Or...Bye, George.
This is the story of how I first met George W Bush. Or to be more precise, the tale of when I first took notice of him. He still doesn’t, to the best of my knowledge, have a clue who I am.
The conductor shook us awake and I left behind a dream of riding horses or of tumbling down a cliffside. One of those dreams of perpetual motion. He babbled something and tugged at my sleeve. I couldn’t understand enough Turkish to work out what he was saying, but it was clear he wanted us to get off the coach. Michael and
I yawned down the steps and into the bright morning light reflecting off the crisp surface. Our bags had already been dumped in the snow.
Snow was somewhat surprising. The previous day we’d been walking by a waterfall in short sleeved shirts and now mist streamed from our mouths.
“Did we take a left hand turn and end up in Russia?” I asked.
Michael shrugged as we picked our kit up out of the snow and tramped across to broken down shed that pretended to be the bus station.
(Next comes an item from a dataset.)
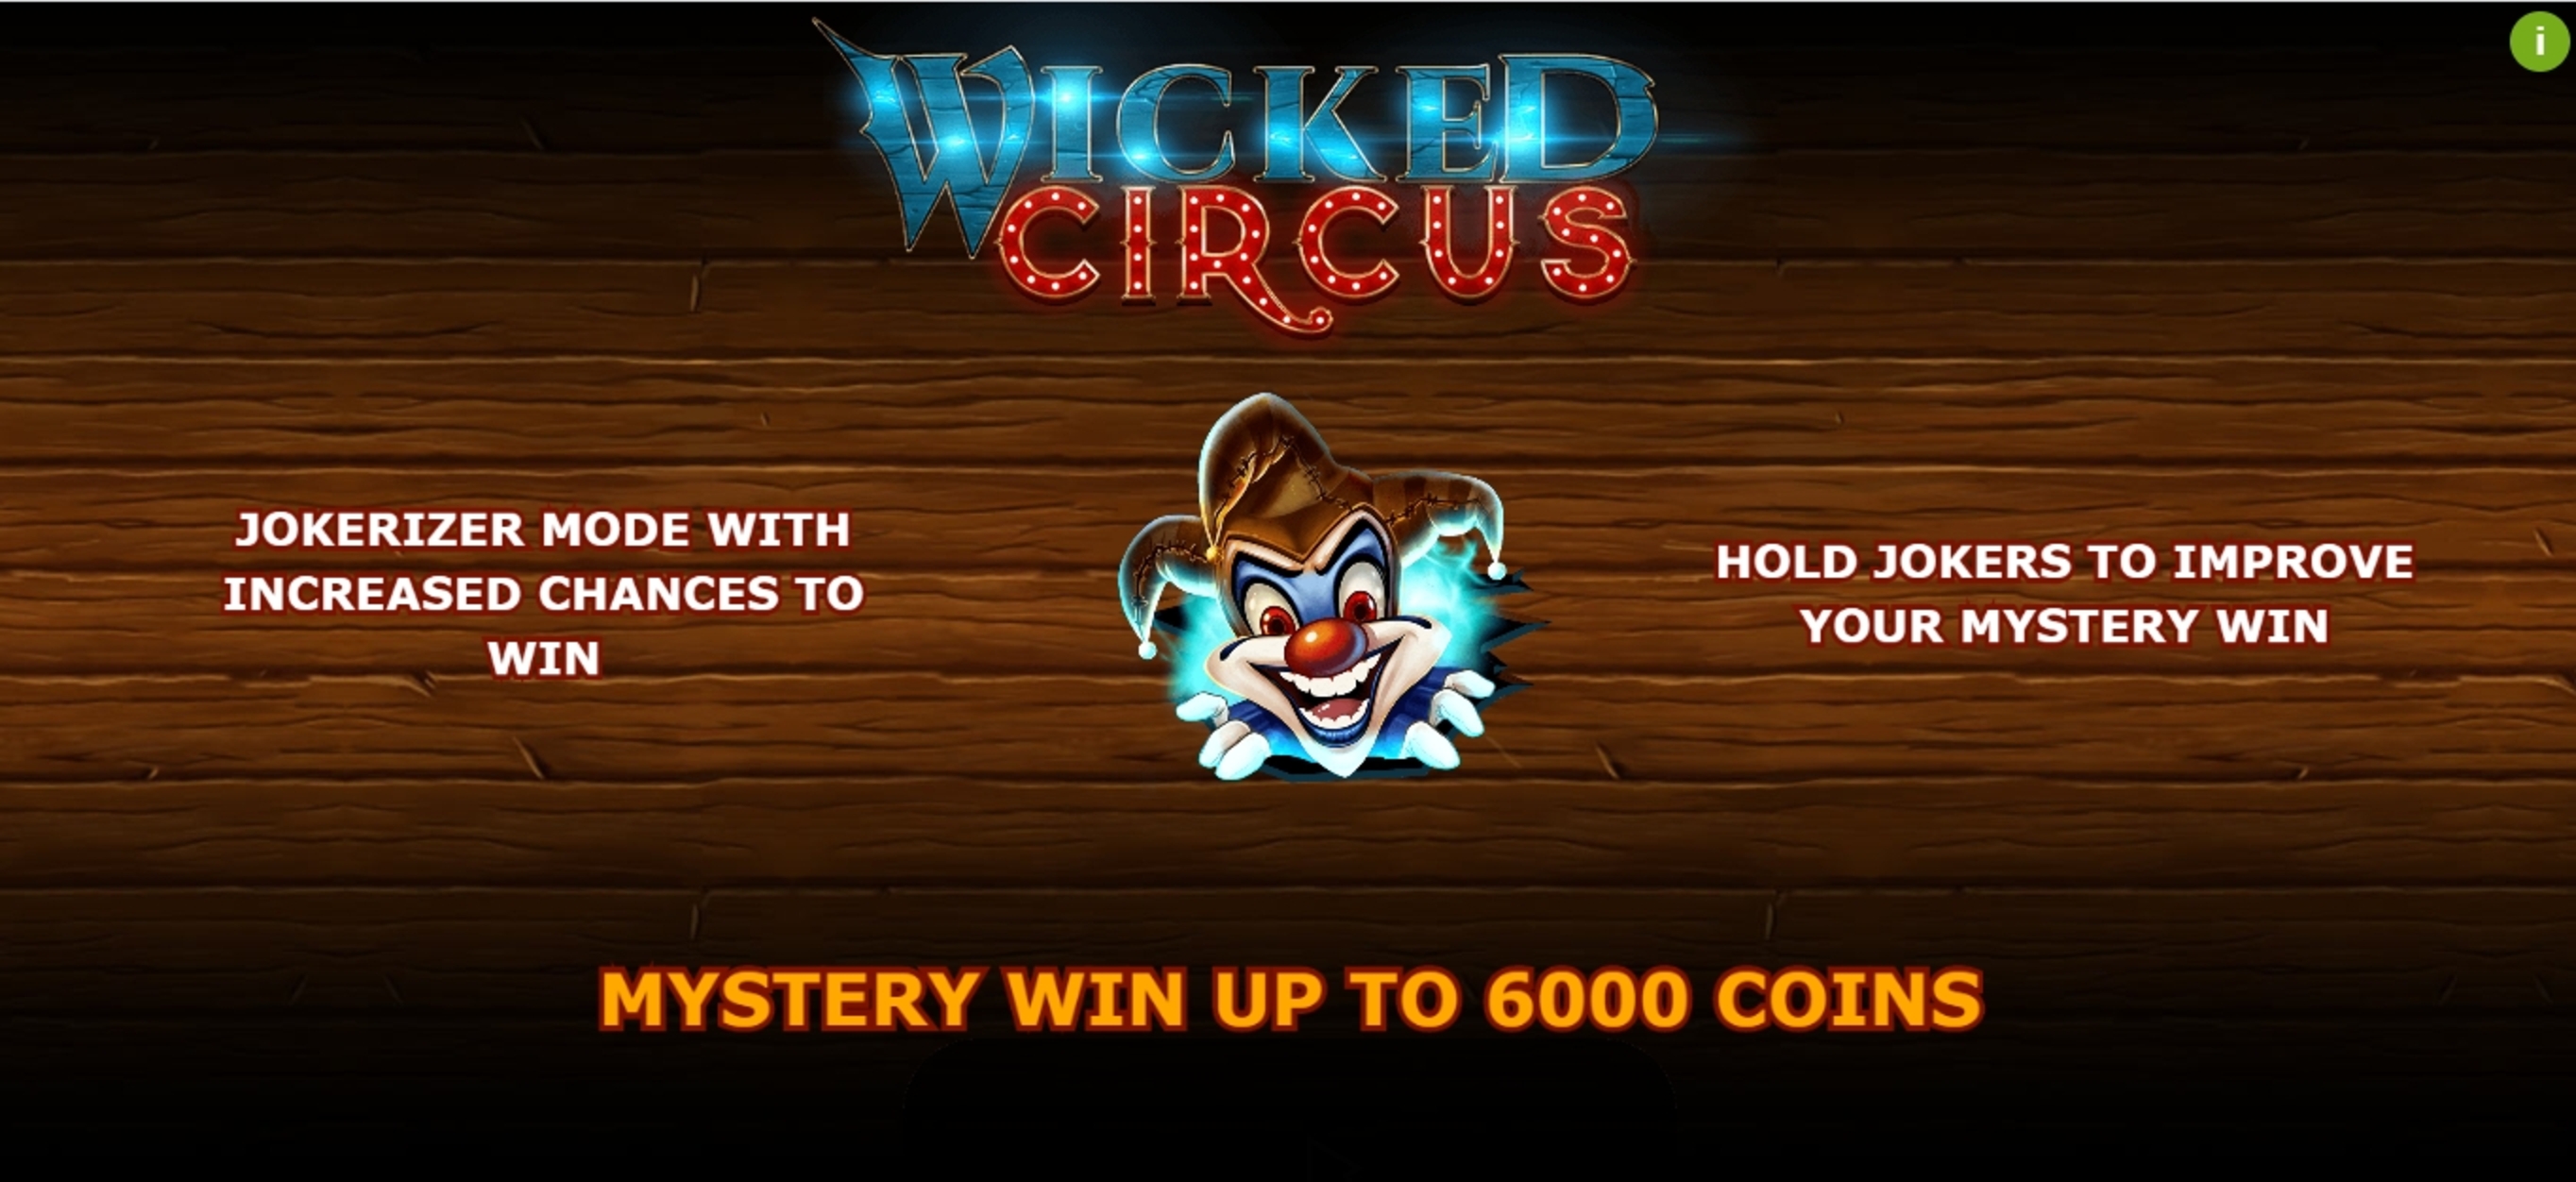 Play Wicked Circus Free Casino Slot Game by Yggdrasil Gaming
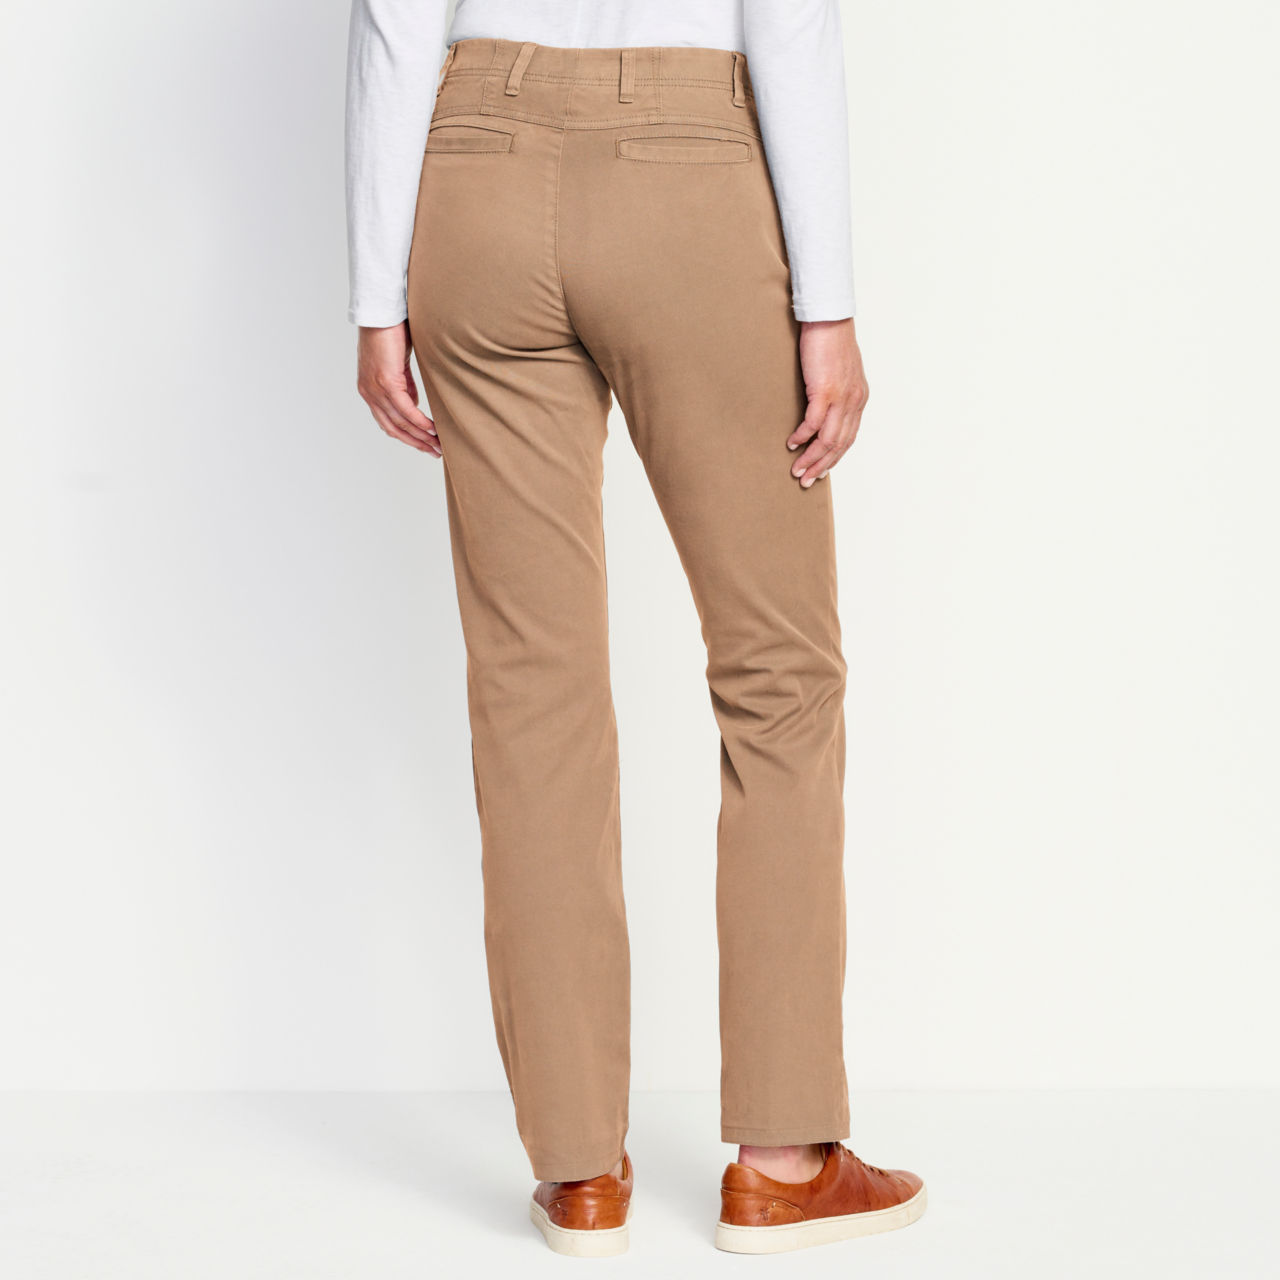 Everyday Chino Natural Fit Straight-Leg Pants -  image number 2

It took another four buses each decreasing in size - until the last one carried mainly chickens – for us to reach our destination of Goreme. Nice place. You should go sometime, but if I were you I wouldn’t go in January.
As we sat in the deserted cafe of the only affordable hostel open and slurped glasses of tea to warm our lives, CNN played in the background.
“The Republicans say that they’ll take this to the supreme court if need be,” the orange anchorman said.
“Have they not sorted that out yet?” I nodded at the screen.
Michael turned, looked, and sipped his tea.
I’d heard of George W Bush and already considered him a bumpkin. His campaign had been littered with heavily publicised, nonsensical, manglings of the English Language.
“They misunderestimated me.”
“I know the human being and fish can coexist peacefully.”
“I know how hard it is to put food on your family.”
“The most important job is not to be governor. Or first lady in my case.”
This was 2001 and I couldn’t believe that it looked as though he was going to lose the election and still, somehow, get into power. A complete moron, bank rolled by who knew what agenda, was going to be given control of the world’s biggest nuclear arsenal.
I didn’t realise quite how bad it was going to be.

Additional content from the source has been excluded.